La Casa de los Registros Akáshicos®, de Susana M. Franz. Todos los derechos reservados.
Las riendas del tiempo
En la rama este del árbol más austral del último país al sur del continente vivía un pájaro que
reproducía con sus alas extendidas los colores del arco iris.
Solía cantar desde el amanecer hasta la puesta del sol sin detenerse para respirar o descansar ni un
minuto. En ciertas horas, los sonidos de su garganta se expresaban con los mismos ecos y
vibraciones que los troncos de árboles gigantes golpeados rítmicamente en las selvas amazónicas.
En otras, sostenía en el aire prolongados acordes semejantes al movimiento velocísimo e
imperceptible de las alas de un colibrí. Por instantes su cantar se confundía con las escalas sonoras
en las arpas de grandes teatros sinfónicos escuchadas por públicos entusiastas. Otros días su voz
simulaba la fricción de un arco de violín cuando el instrumento intenta imitar el batir de las alas en el
vuelo de un ave.
Había tiempos en que se expresaba como las voces de las madres entonando canciones de cuna.
En otros, eran himnos victoriosos en los coros triunfales de las catedrales.
Los cuervos se detenían y callaban para escucharlo, y las ranas ponían gran atención intentando
comprender lo que decía para acompañarlo.
Sólo un hombre en el mundo, navegando en su velero solitario, perdido entre dos bloques de hielo,
había llegado a escuchar al animal improbable.
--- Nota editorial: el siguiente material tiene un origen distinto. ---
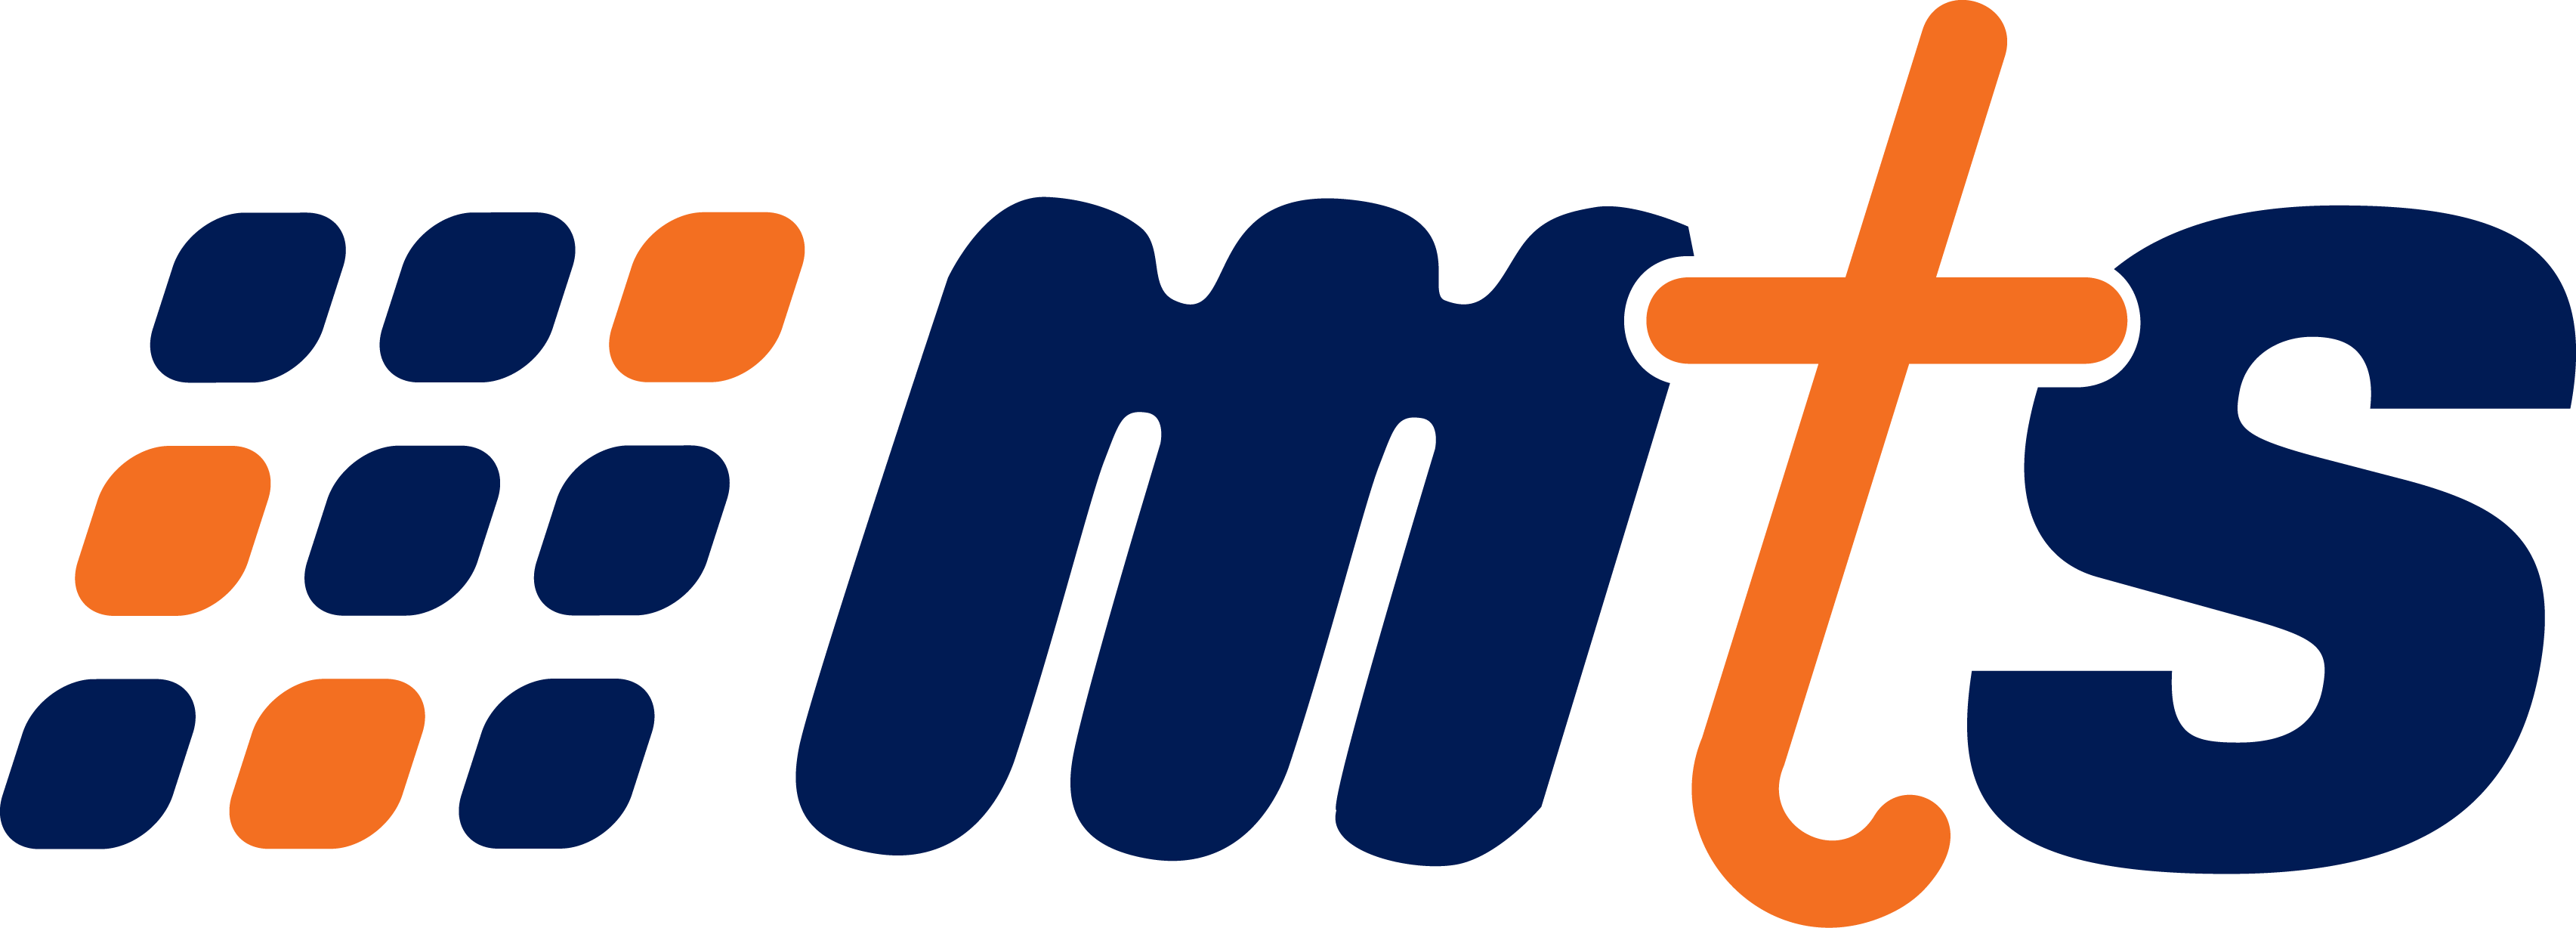 MTS_Logos_high_res2013.png

Cuando lo oyó por primera vez, tripulando su nave,
creyó estar equivocado, porque el canto resonaba como los redobles de tambores en los desfiles
militares durante festejos de uniformes de asombrosos colores.
El extraño se miró las manos solitarias pensando que había equivocado la ruta. Se tapó con ellas los
oídos creyendo pasar por los arrecifes de Ulises, y sospechó que ya había atravesado antes esa
etapa de la vida donde todo es fantástico.
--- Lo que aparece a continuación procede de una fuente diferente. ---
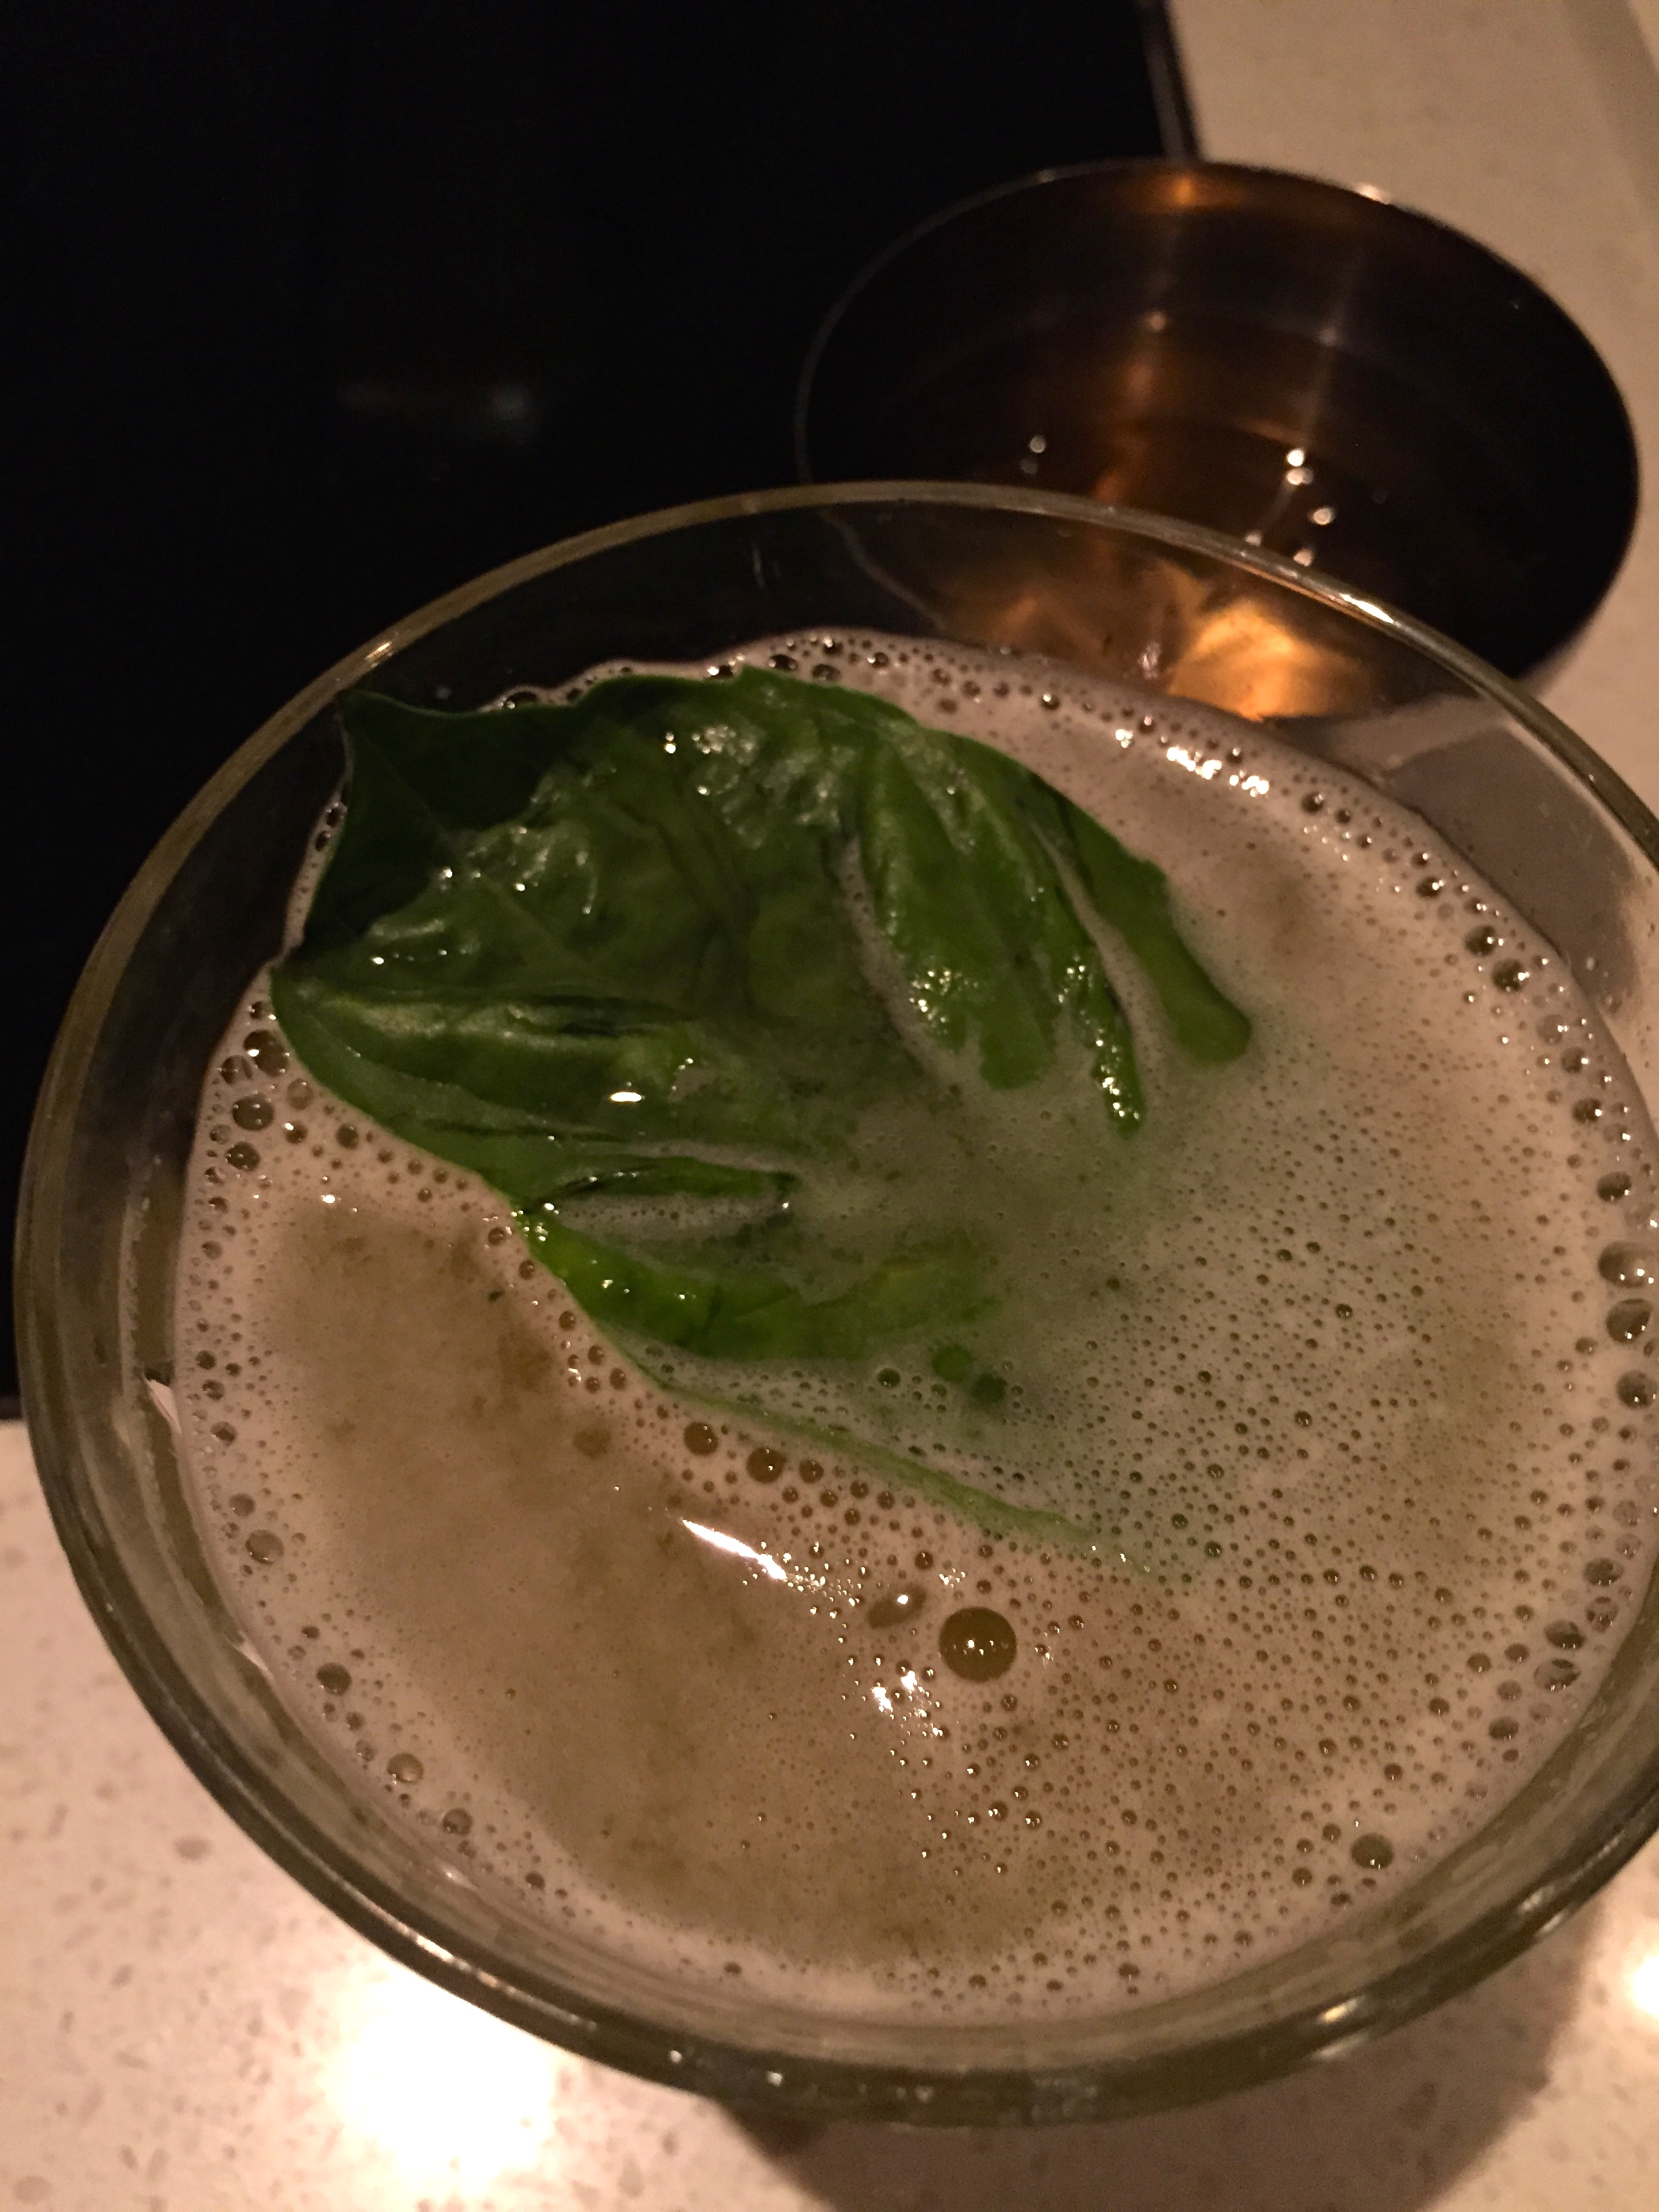 Basil cocktail.

Sin poder regresar para volver a escuchar el canto y confirmar sus sentidos, porque la corriente lo
llevaba, el navegante fue despedido por el pájaro con el grito agudo y estruendoso de un niño
advirtiendo a los vecinos que hay un incendio cercano.
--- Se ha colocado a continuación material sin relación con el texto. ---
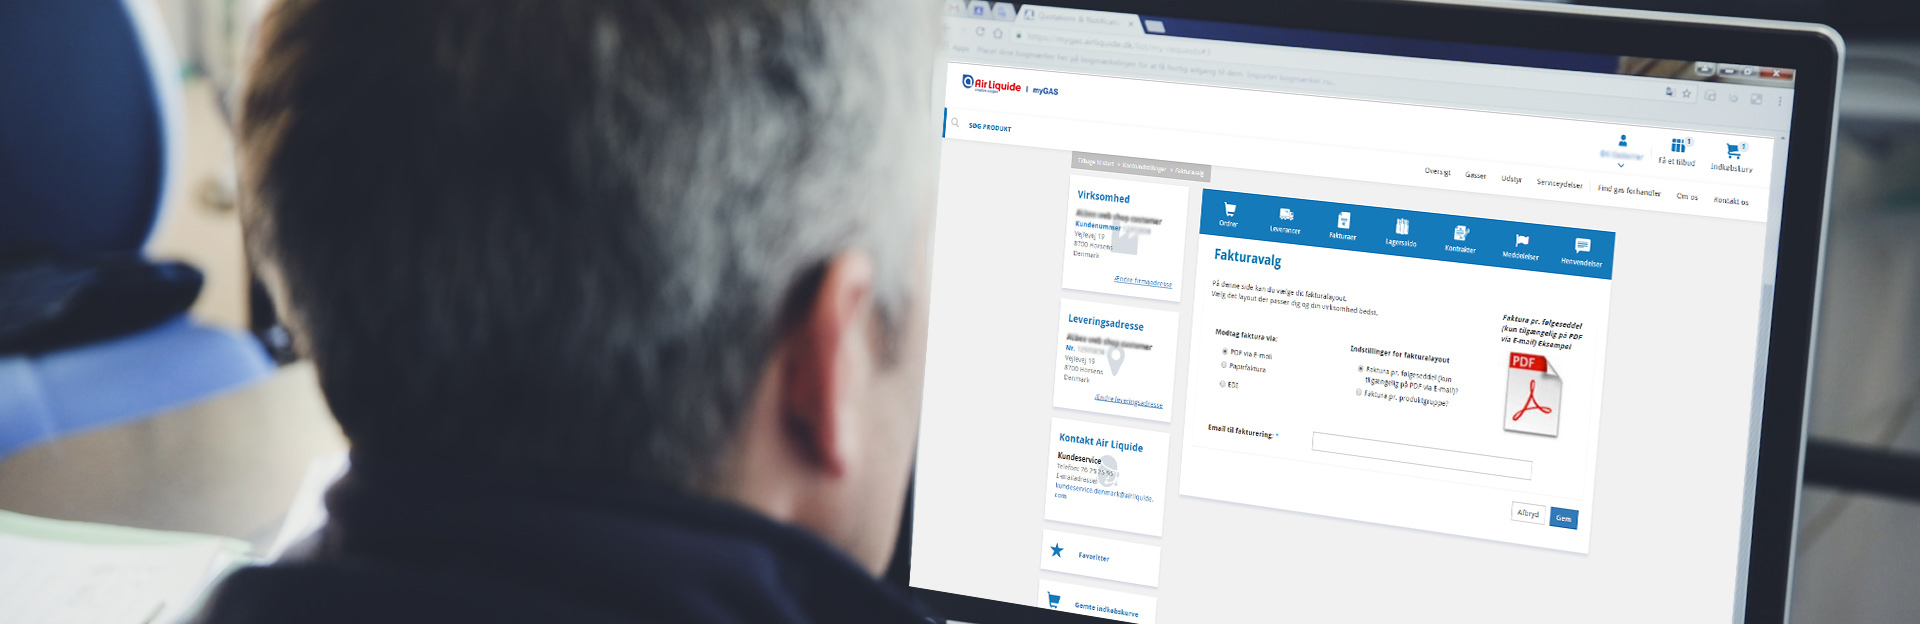 E-mailfakturering |myGAS | Air Liquide

La nave continuó su travesía hasta arribar a la primera población del extremo sur del continente. El
viajero aprovechó para bajar por provisiones y preguntar si alguien había visto o tenía referencias
acerca del ave maravillosa. Todos decían que no. Ni el intendente, ni el policía, ni el cura, ni el
maestro sabían que hubiera algún pájaro viviendo en los confines.
Sólo un niño contó que sentía su existencia porque, cuando se dormía por las noches, dejaba de
escuchar el canto y tenía la sensación de que una mano muy suave cerraba un párpado sobre su
corazón infantil.
El muchachito podía captar también el vuelo de las aves en el cielo, y sentir que volaba con ellas.
Era capaz de pasar horas oyendo la caída de las aguas de una catarata en un continente lejano.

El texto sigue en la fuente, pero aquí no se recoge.